Custom text pre-processing saved in Tensorflow model-CodePudding

How to write custom text pre-processing that could be saved as part of a model?

Suppose that I would like to have two features:

auto-correct string input with some function. Words might change after this operation
do query expansion of string input, such that outcome text/tokens might contain few additional words(for which weights would be trained).

Something like this:

fli to London -> Fly to London
fly to London -> Fly to London loc_city

-> this token would need to be in vocabulary in advance, which could be done

After steps 1 and/or 2, feed the result to TextVectorisation / Embedding layer ?

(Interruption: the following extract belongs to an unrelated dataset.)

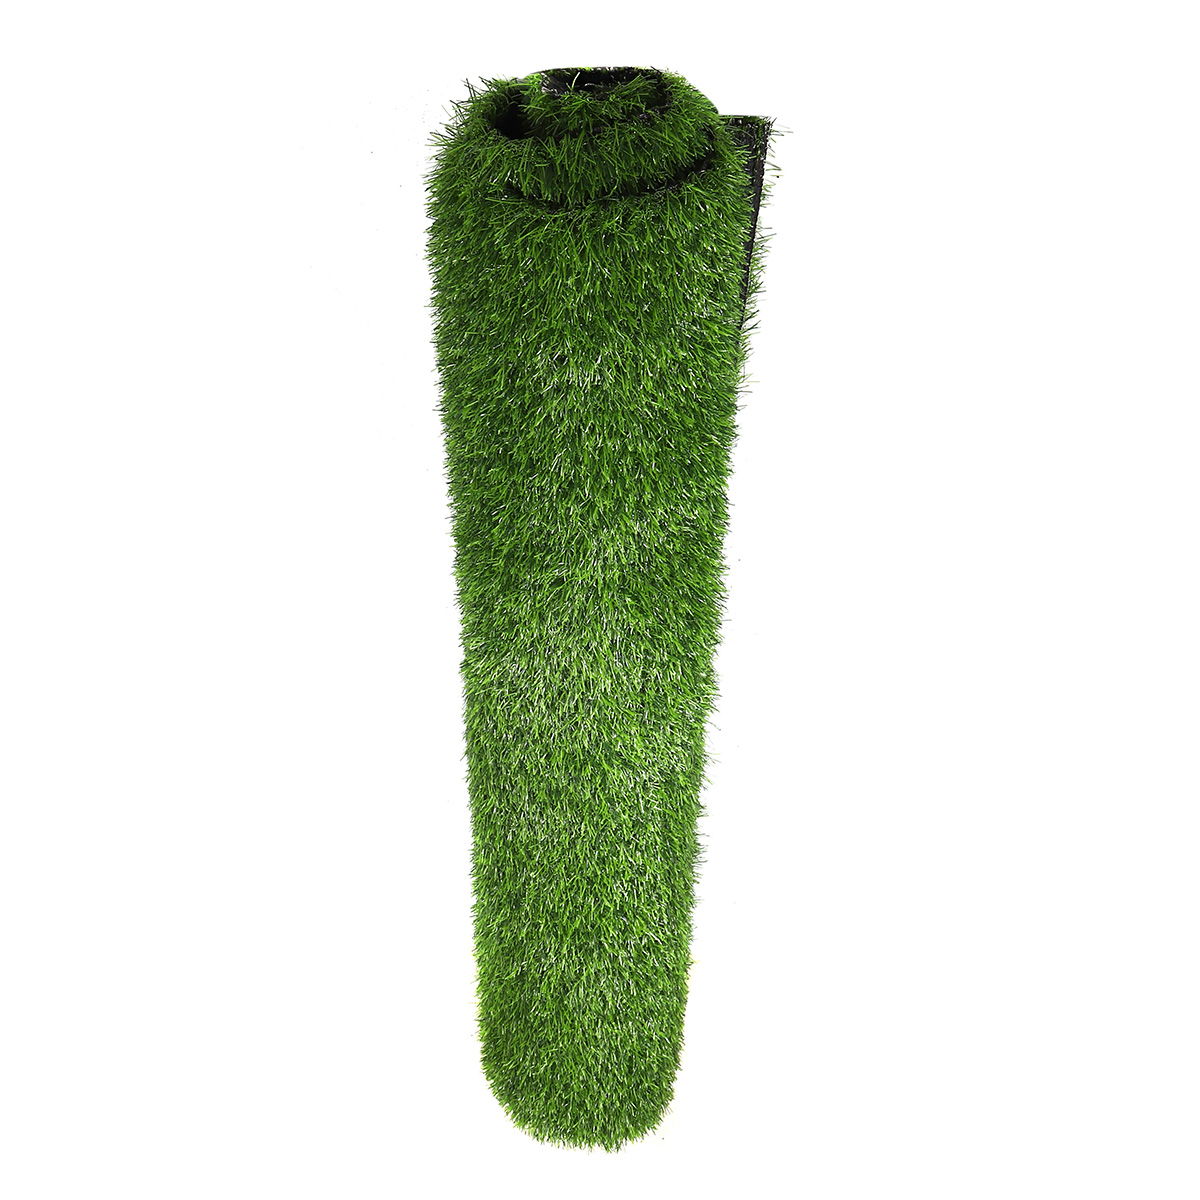 Artificial-Green-Grass-Carpet-Mat-Artificial-Lawns-Turf-Carpets-For-Home-Garden-Micro-Landscape-1726933-4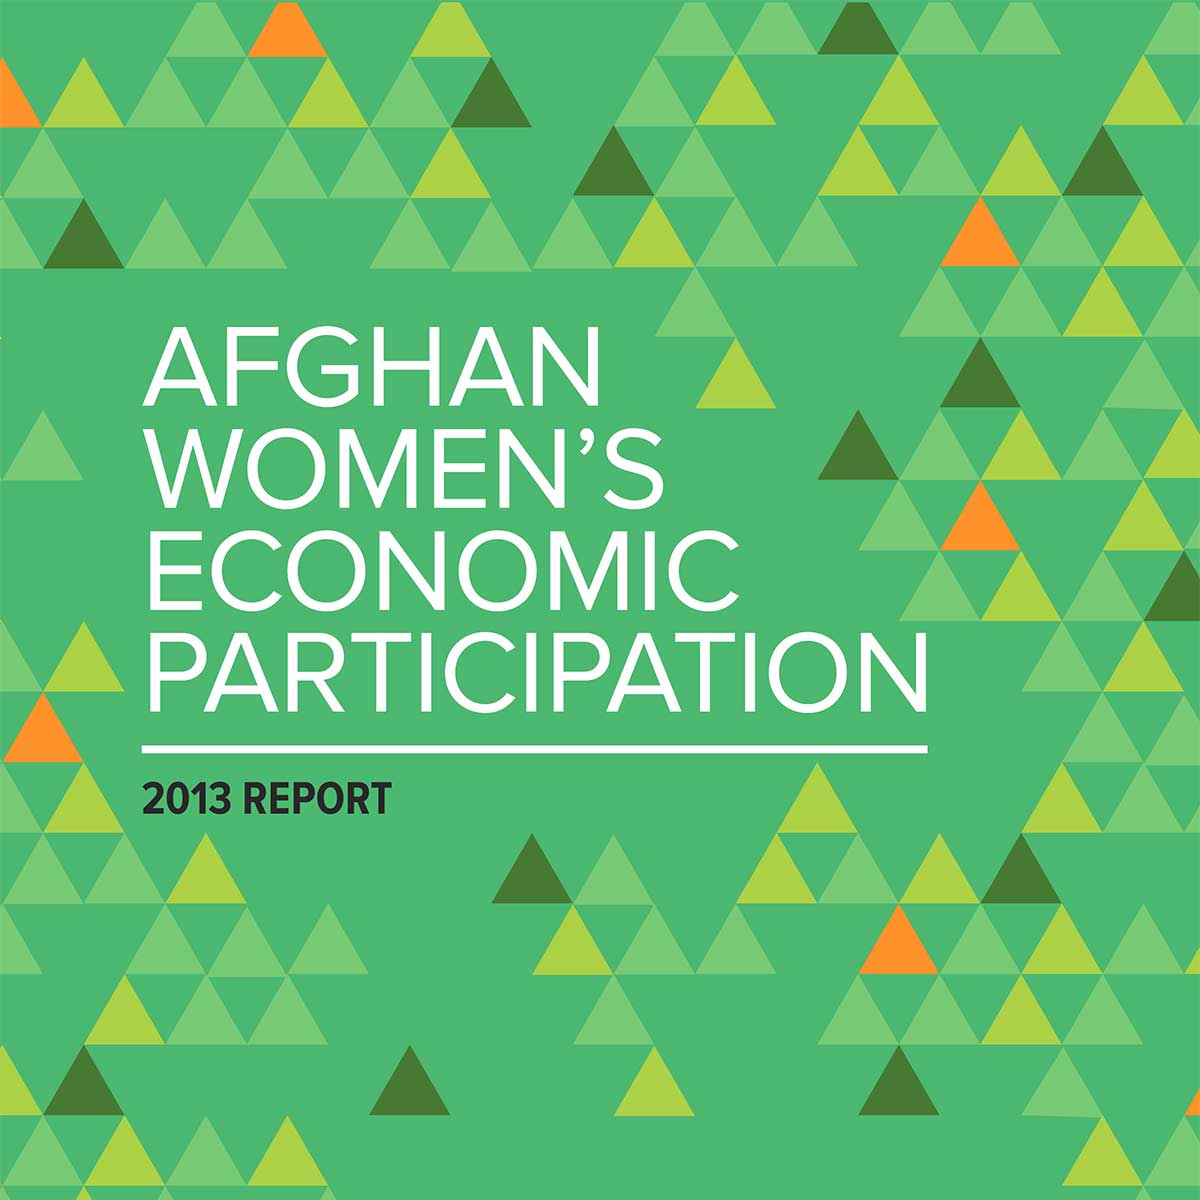 Afghan Women’s Economic Participation Report (2013)

There is standardize callback, but I do not see obvious way of doing that with existing tf.string operations.

Ideally, there is a callback function / layer which accepts string(or tokens) and maps to another string(or string tokens).

CodePudding user response：

You can get the first character of a string like this:

import tensorflow as tf

class StringLayer(tf.keras.layers.Layer):
  def __init__(self):
    super(StringLayer, self).__init__()

  def call(self, inputs):
    return tf.squeeze(tf.strings.bytes_split(inputs), axis=1).to_tensor()[:, 0]

s = tf.constant([['next_string'], ['some_string']])
layer = StringLayer()
print(layer(s))
# tf.Tensor([b'n' b's'], shape=(2,), dtype=string)